>>>>

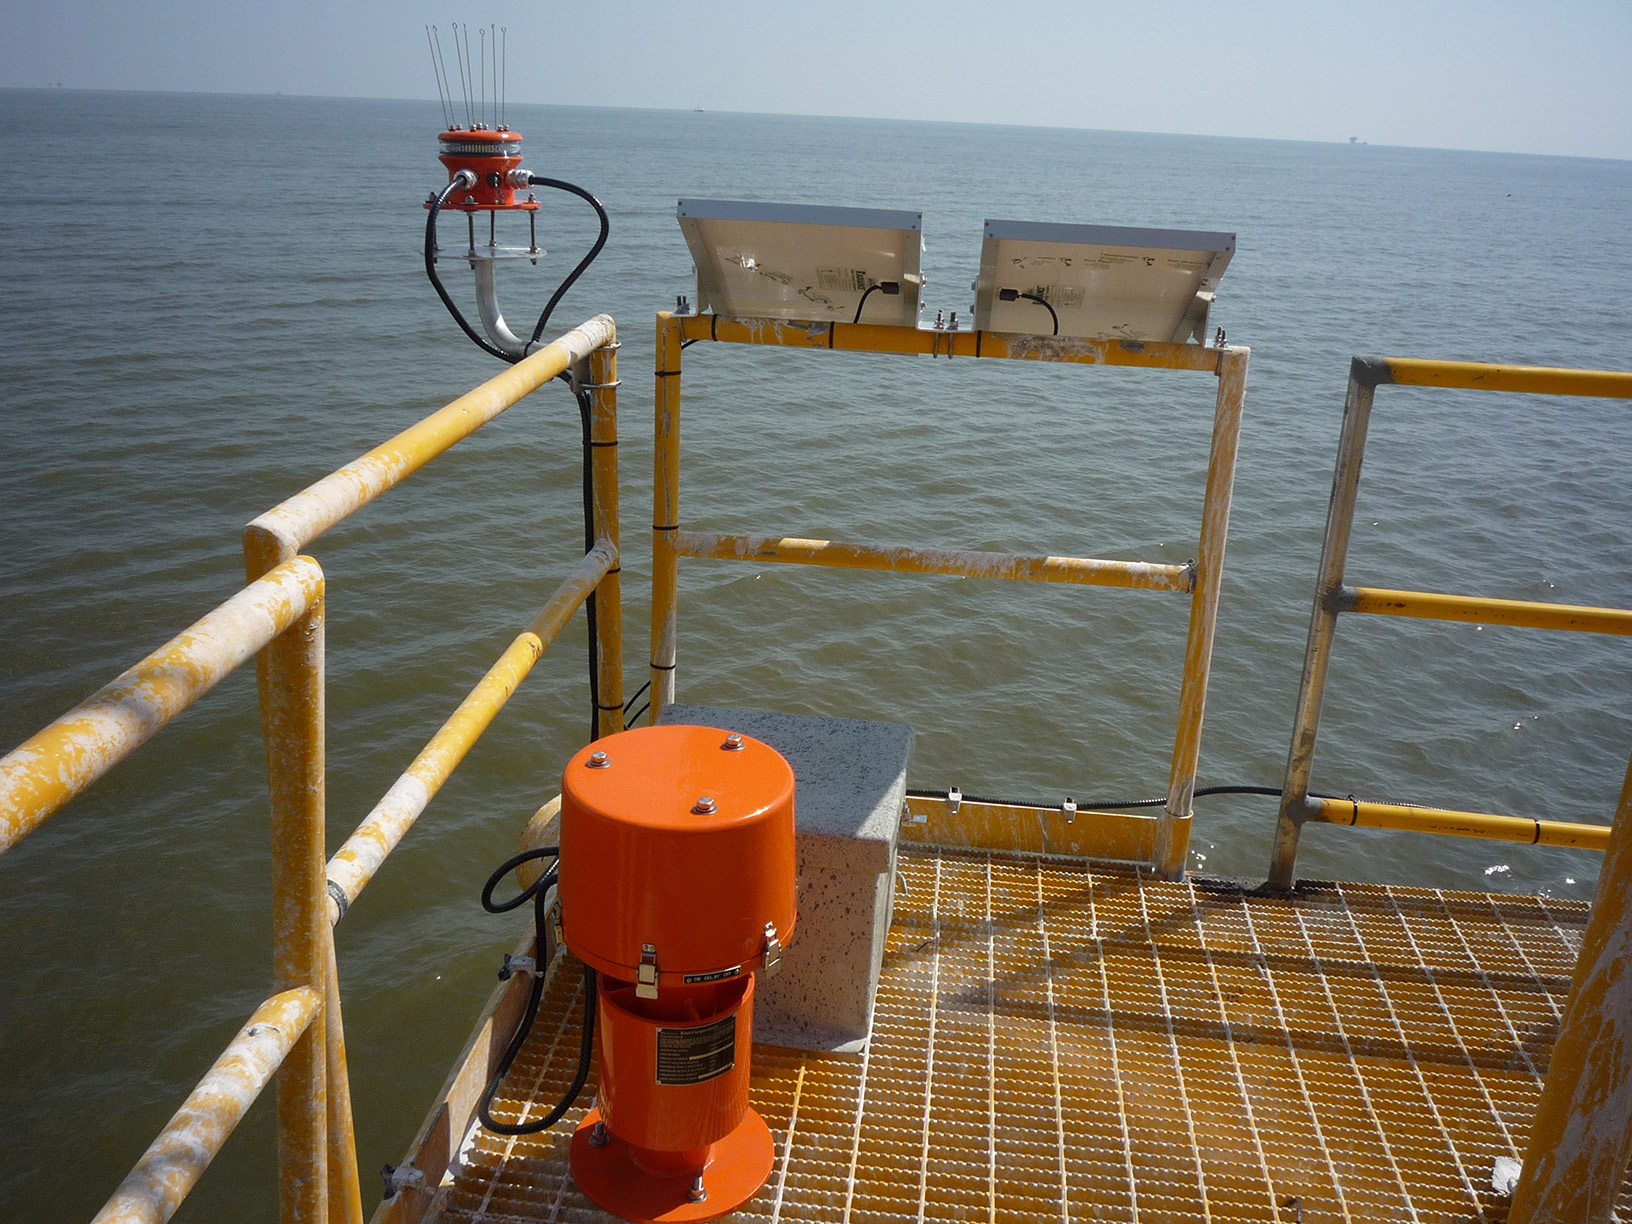 maritime foghorn aid to navigation
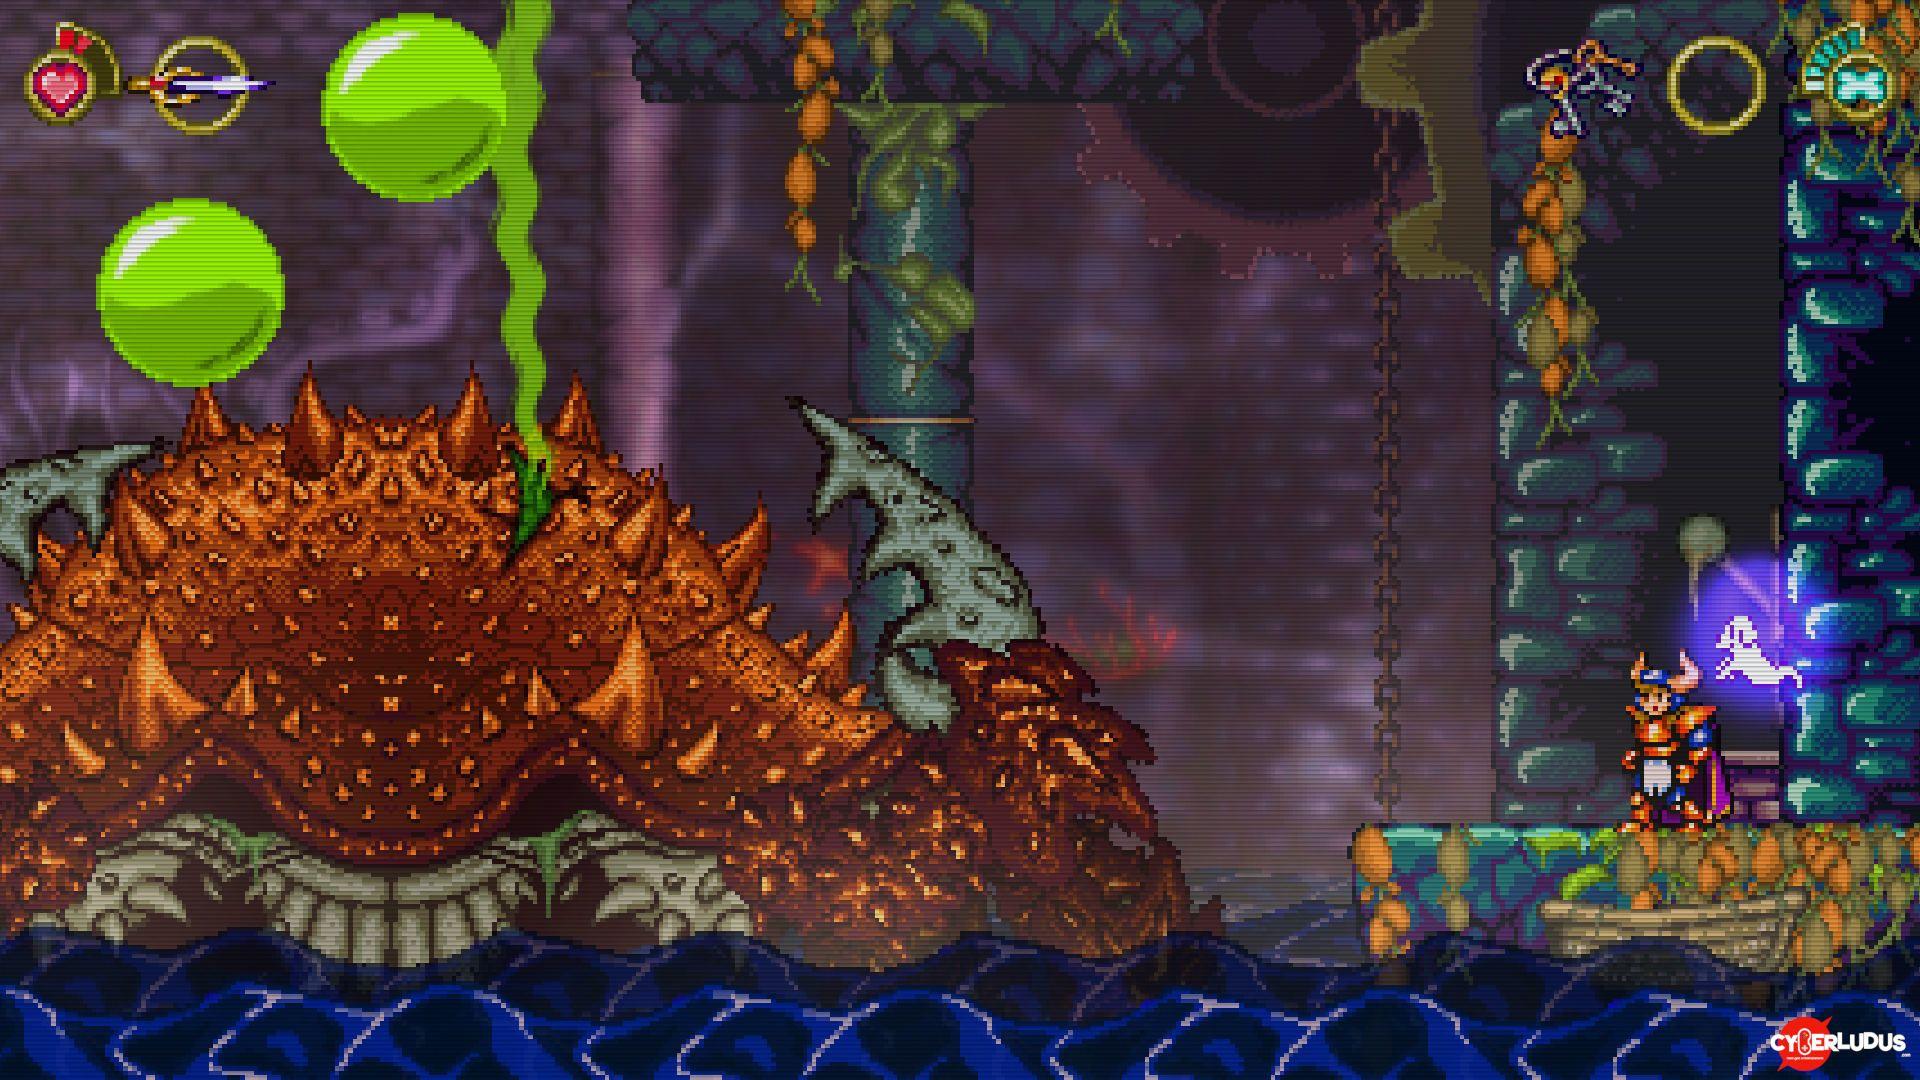 Battle-Princess-Madelyn-boss-crab
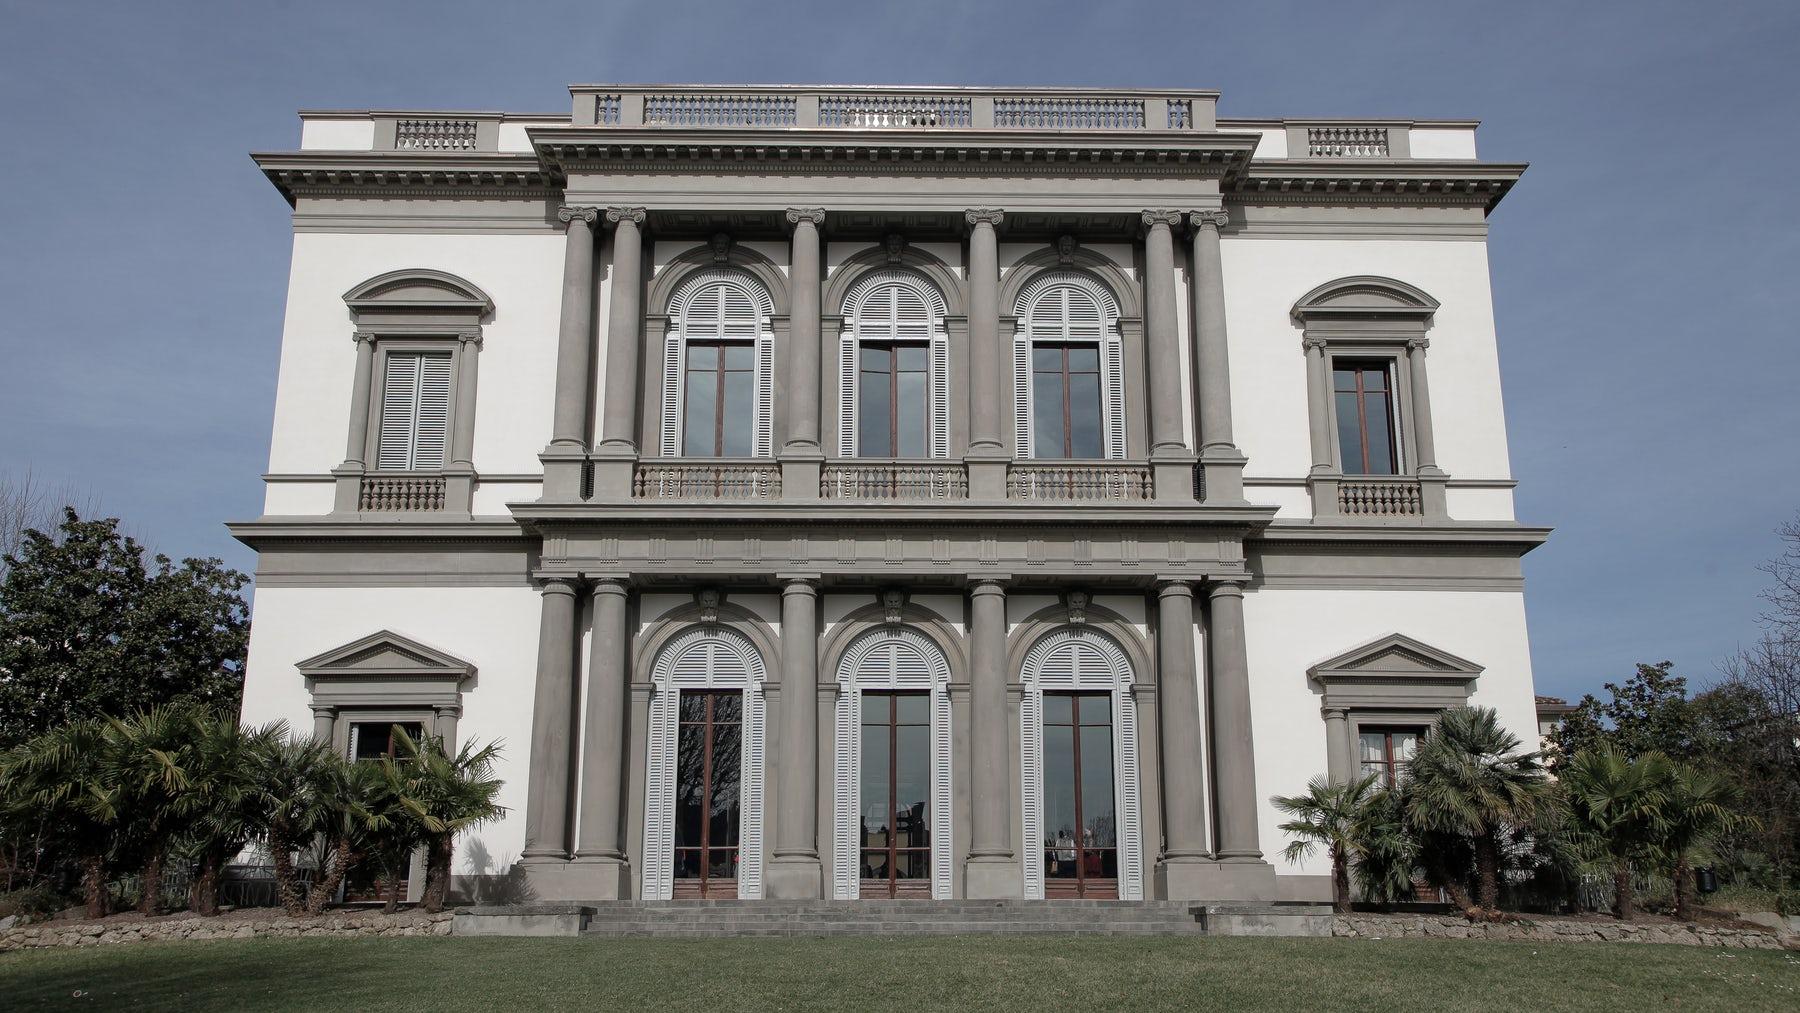 Polimoda headquarters in Villa Favard in Florence, Italy | Source: Courtesy

<<<<

# [ABOUT THIS TASK]
Return to the listing above and set it down exactly, leaving out its pictures.

# [TASK RESULT]
 maritime foghorn aid to navigation
 Battle-Princess-Madelyn-boss-crab
 Polimoda headquarters in Villa Favard in Florence, Italy | Source: Courtesy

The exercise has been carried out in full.